Домой, однако, было рано. Терентьев хотел потолковать с собою, сделать это проще на ходу, а не сидя за столом. Терентьев с усилием карабкался по льду к Сретенке. Он выбрал эту дорогу, потому что здесь было труднее. Редкие пешеходы скользили и падали. Терентьев тоже падал и смеялся, отряхивая одежду. И падение, и смех, и отряхивание одежды происходили словно не с ним, а с кем-то другим, он наблюдал это как бы со стороны, равнодушно и невнимательно, а сам был погружен в мысли о недавних событиях, в неожиданную сумятицу чувств, вызванную этими событиями.

Он думал о Ларисе, о Щетинине, о Черданцеве.

С Ларисой они встречались ежедневно. Всего несколько минут назад она пожелала ему спокойной ночи, можно было в любое время спросить ее обо всем, она охотно отвечала. Все равно о ней надо думать, она неожиданна. Перемена из девочки в женщину, совершившаяся с ней, с каждым днем поражала все больше. Она была взбалмошной девчонкой, стала странной женщиной — прямой до резкости, откровенной до дерзости. Во всяком случае, еще недавно разговоры, какие Терентьев вел с Ларисой, показались бы ему неудобными. Вскоре после того, как они снова стали работать вместе, он осторожно коснулся ее положения, и оказалось, что Лариса ничего не стыдится и вовсе не боится говорить о беременности.

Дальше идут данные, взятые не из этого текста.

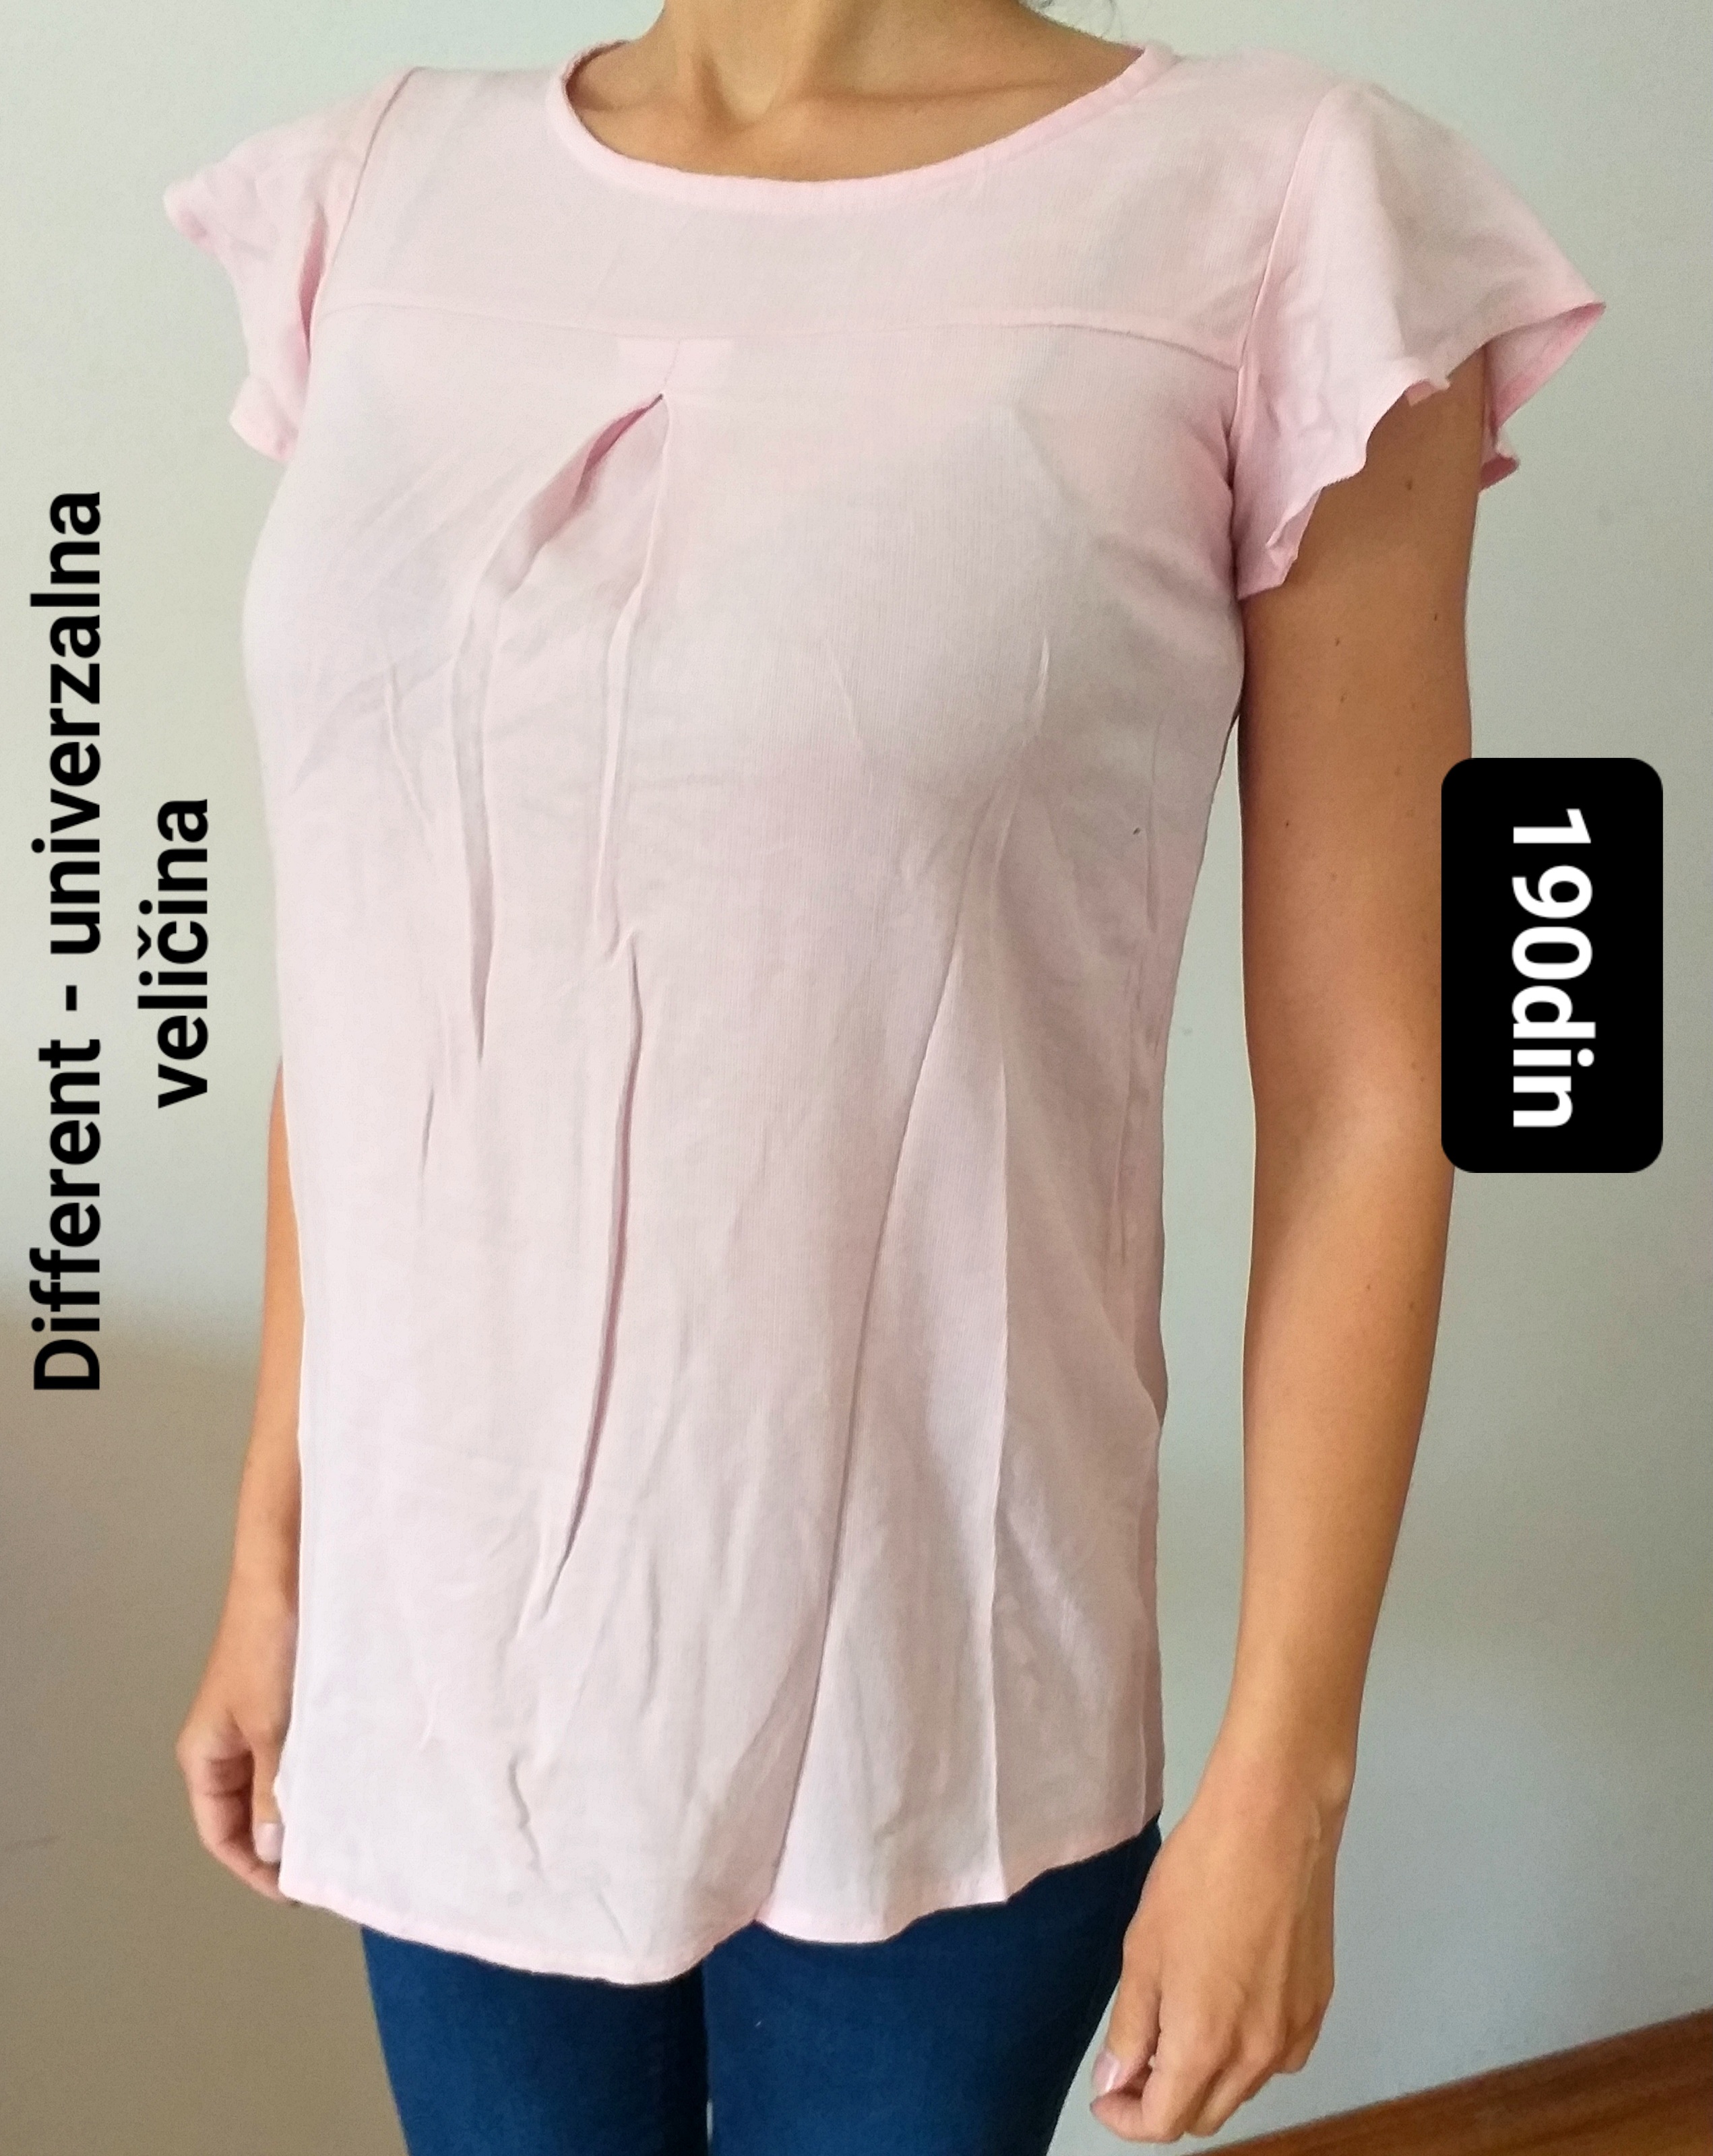 Different ženska bluza majica roze univerzalna veličina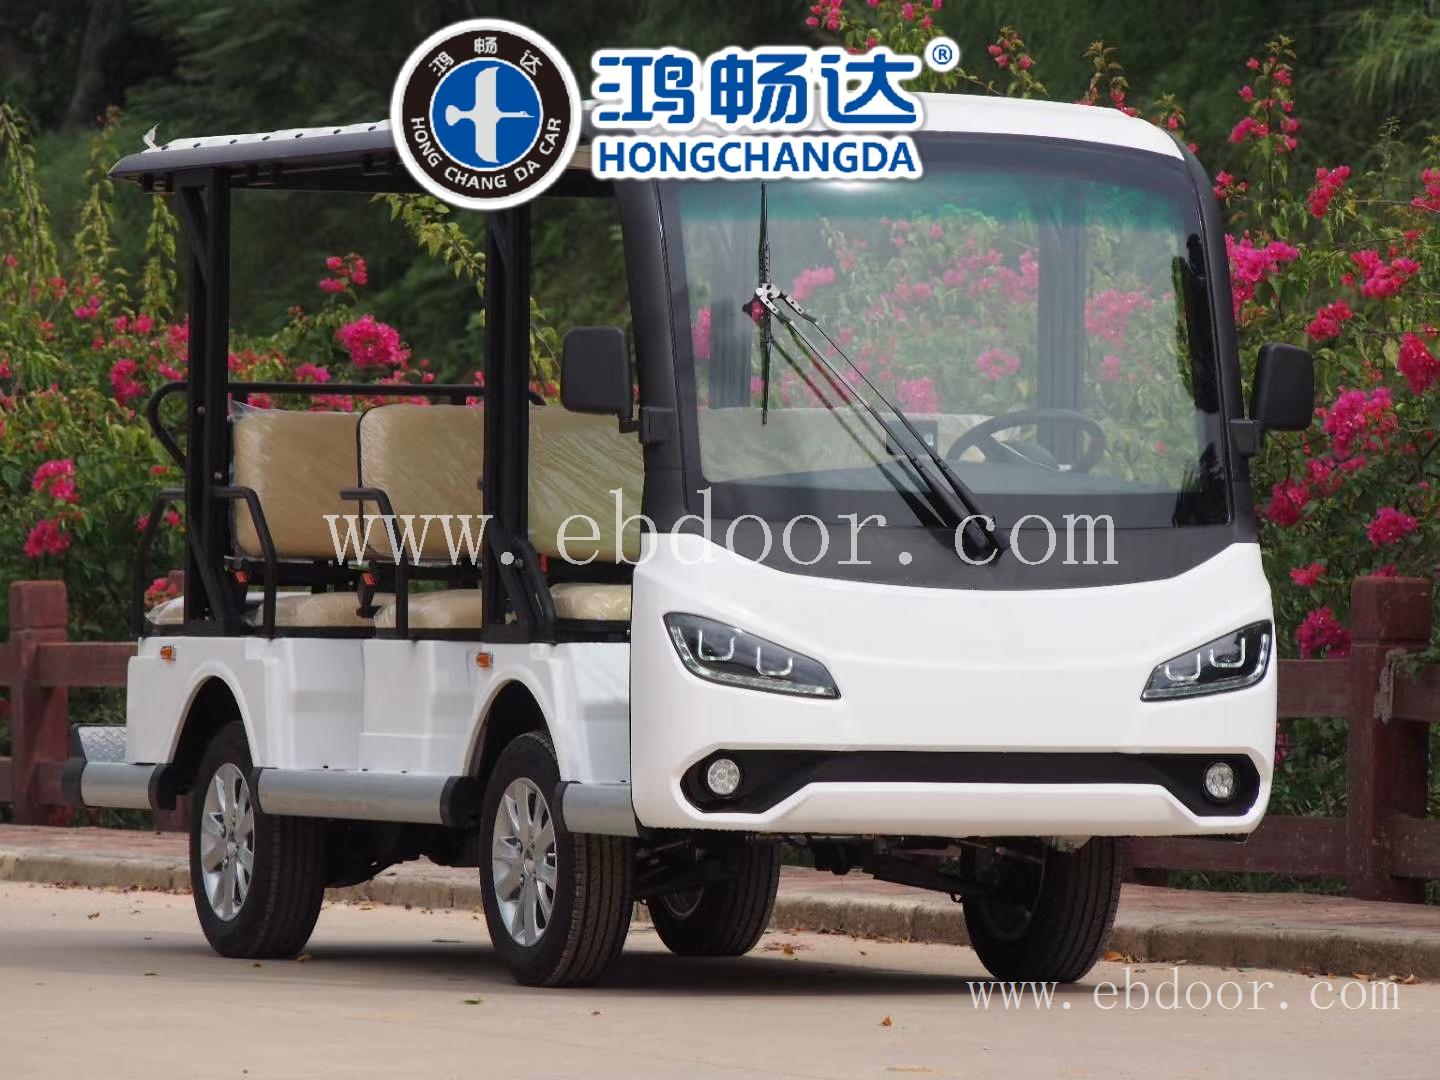 广东鸿畅 电动观光车 11座 白色 休闲款式 质量保证售后到家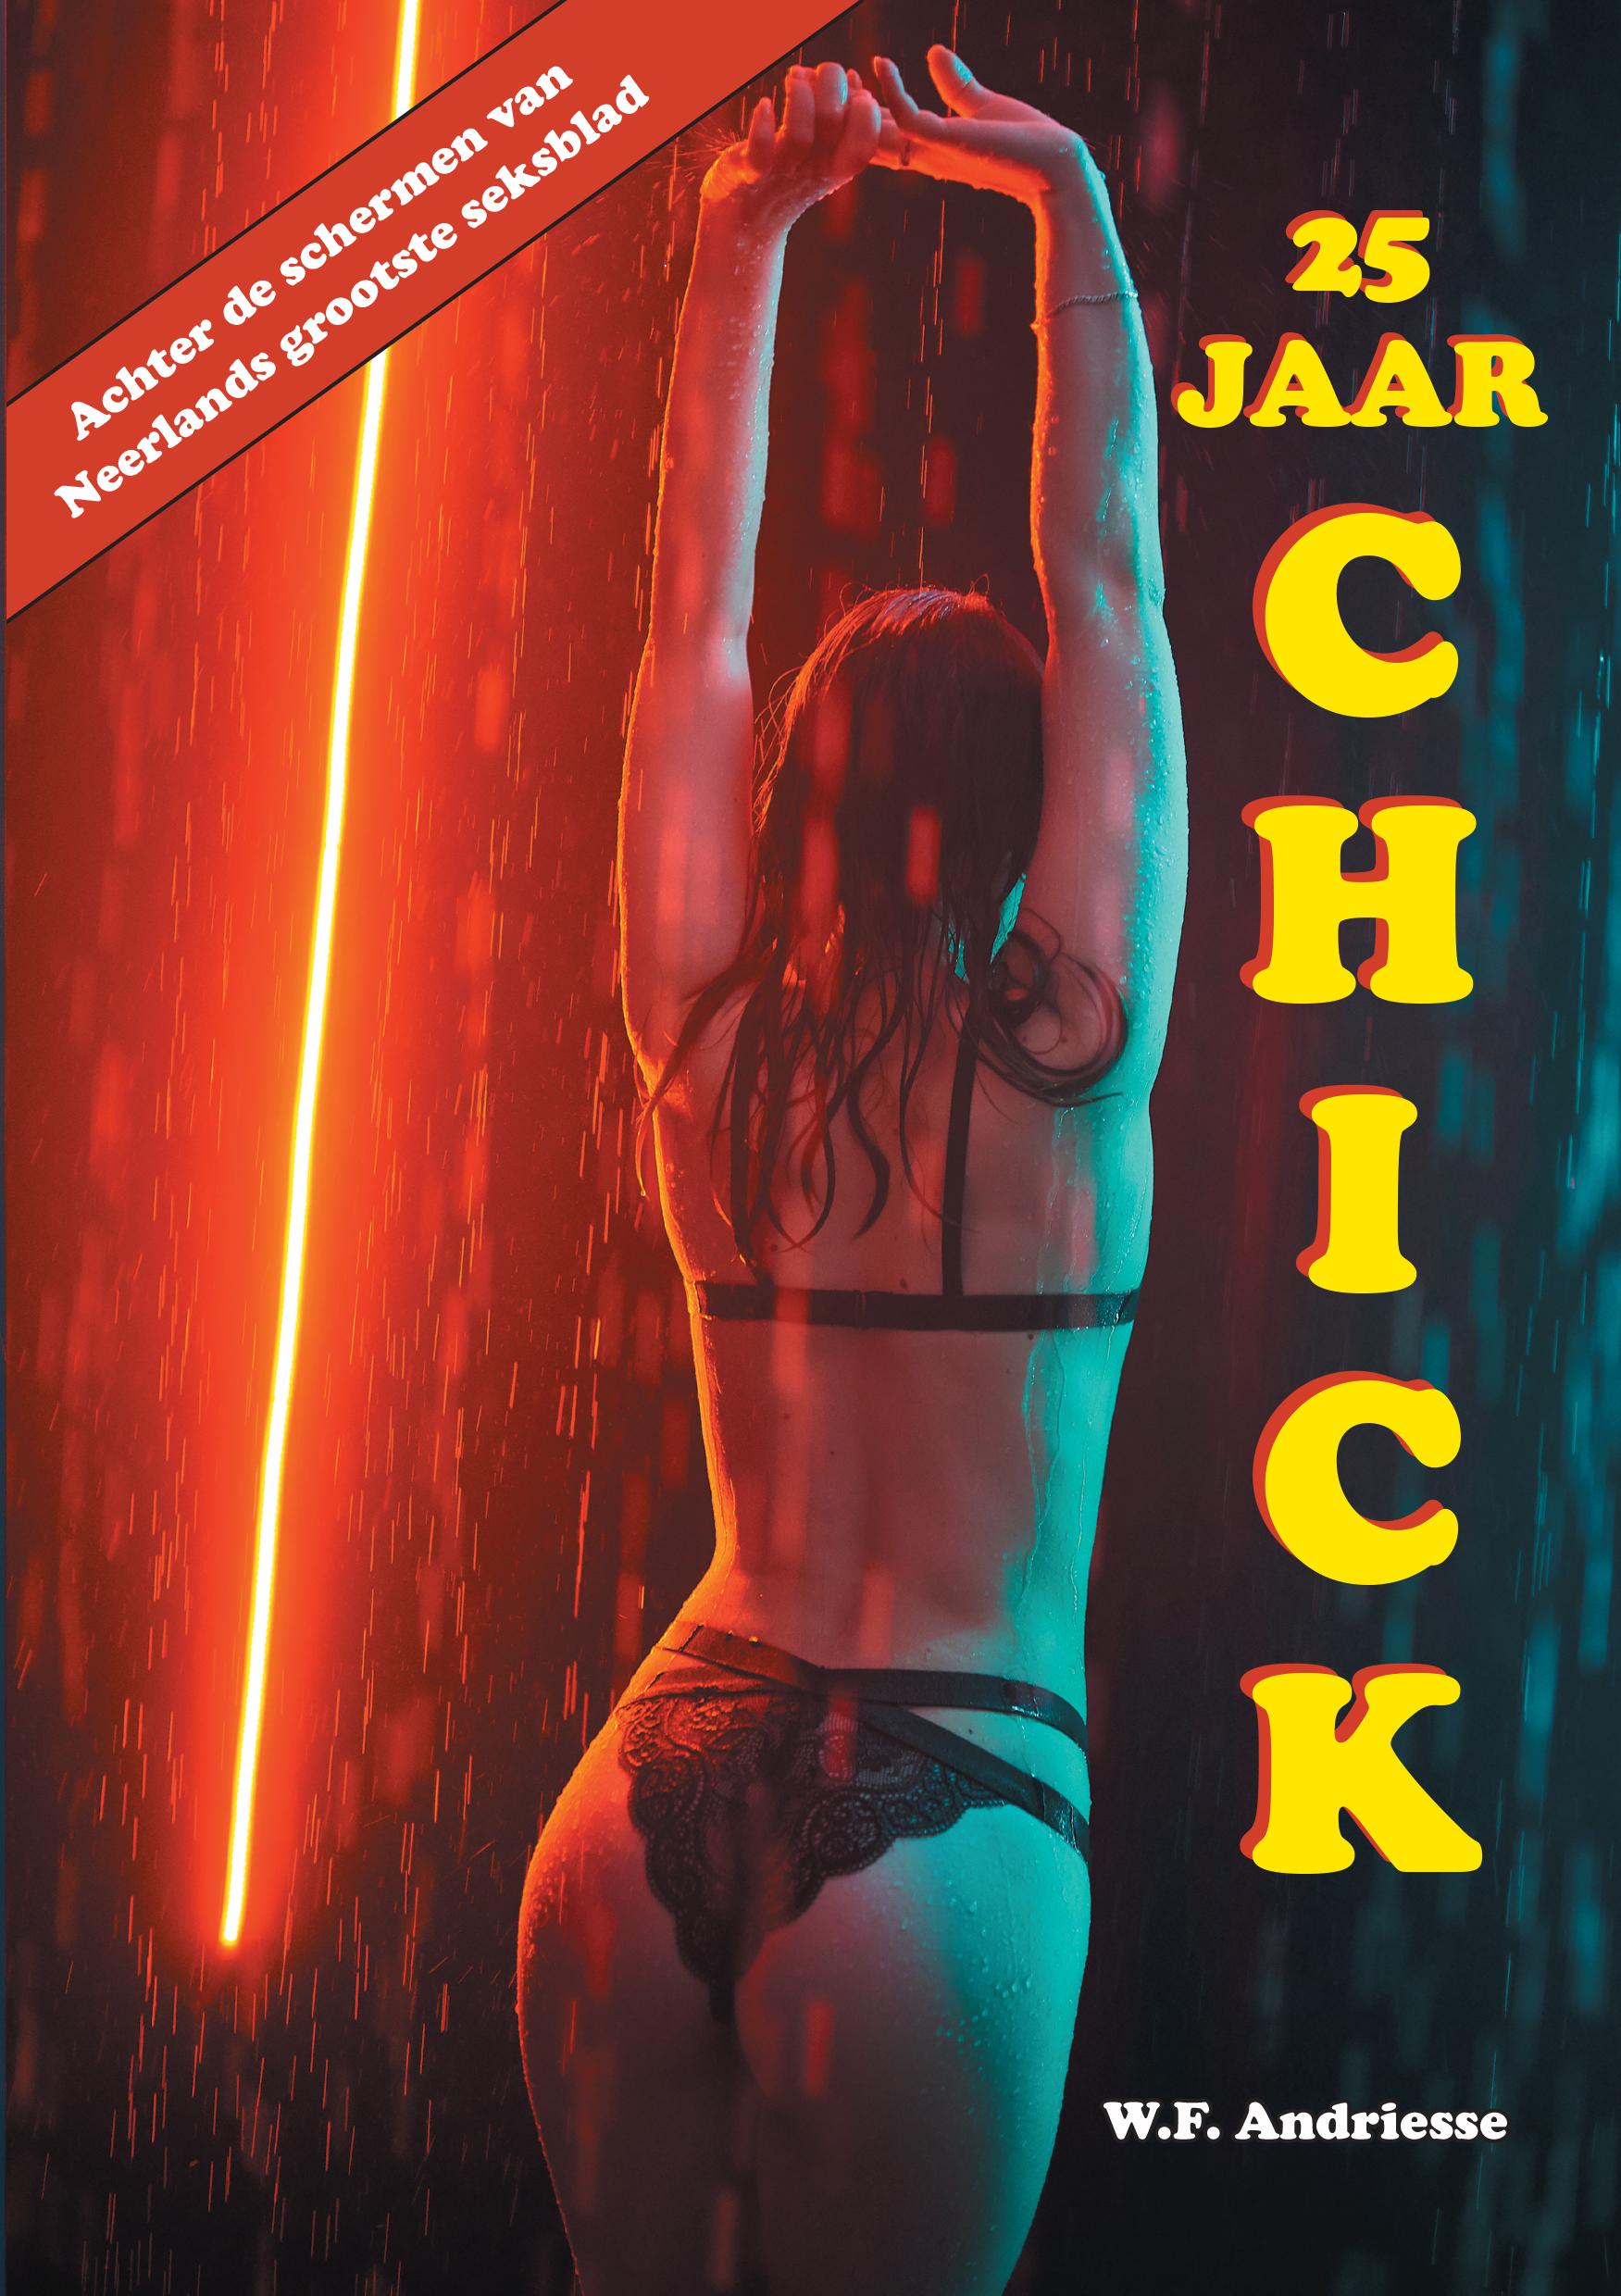 Schrijven was mijn hobby en ik was liefhebber van seks; Zaankanter Willem brengt een boek uit over het schrijven, filmen en fotograferen voor seksblad Chick Noordhollandsdagblad

— Аборта я делать не буду, — сказала она, спокойно и отчетливо произнося это всегда трудное для молодых женщин слово «аборт». — Зачем? Ребенок не виноват, что у его отца мелкая душа. Думаю, ему будет не хуже, чем другим детям. Я сумею воспитать и одна.

Терентьев, помолчав, поинтересовался:

— А мама? Для нее это будет ударом.

Лариса ответила с такой же ясной рассудительностью:

— Не большим, чем для меня. Мама простит, что ей еще остается? Мама моя хорошая! Поплачет и перестанет, чтоб меня не расстраивать. Еще будет утешать, чтоб я не падала духом.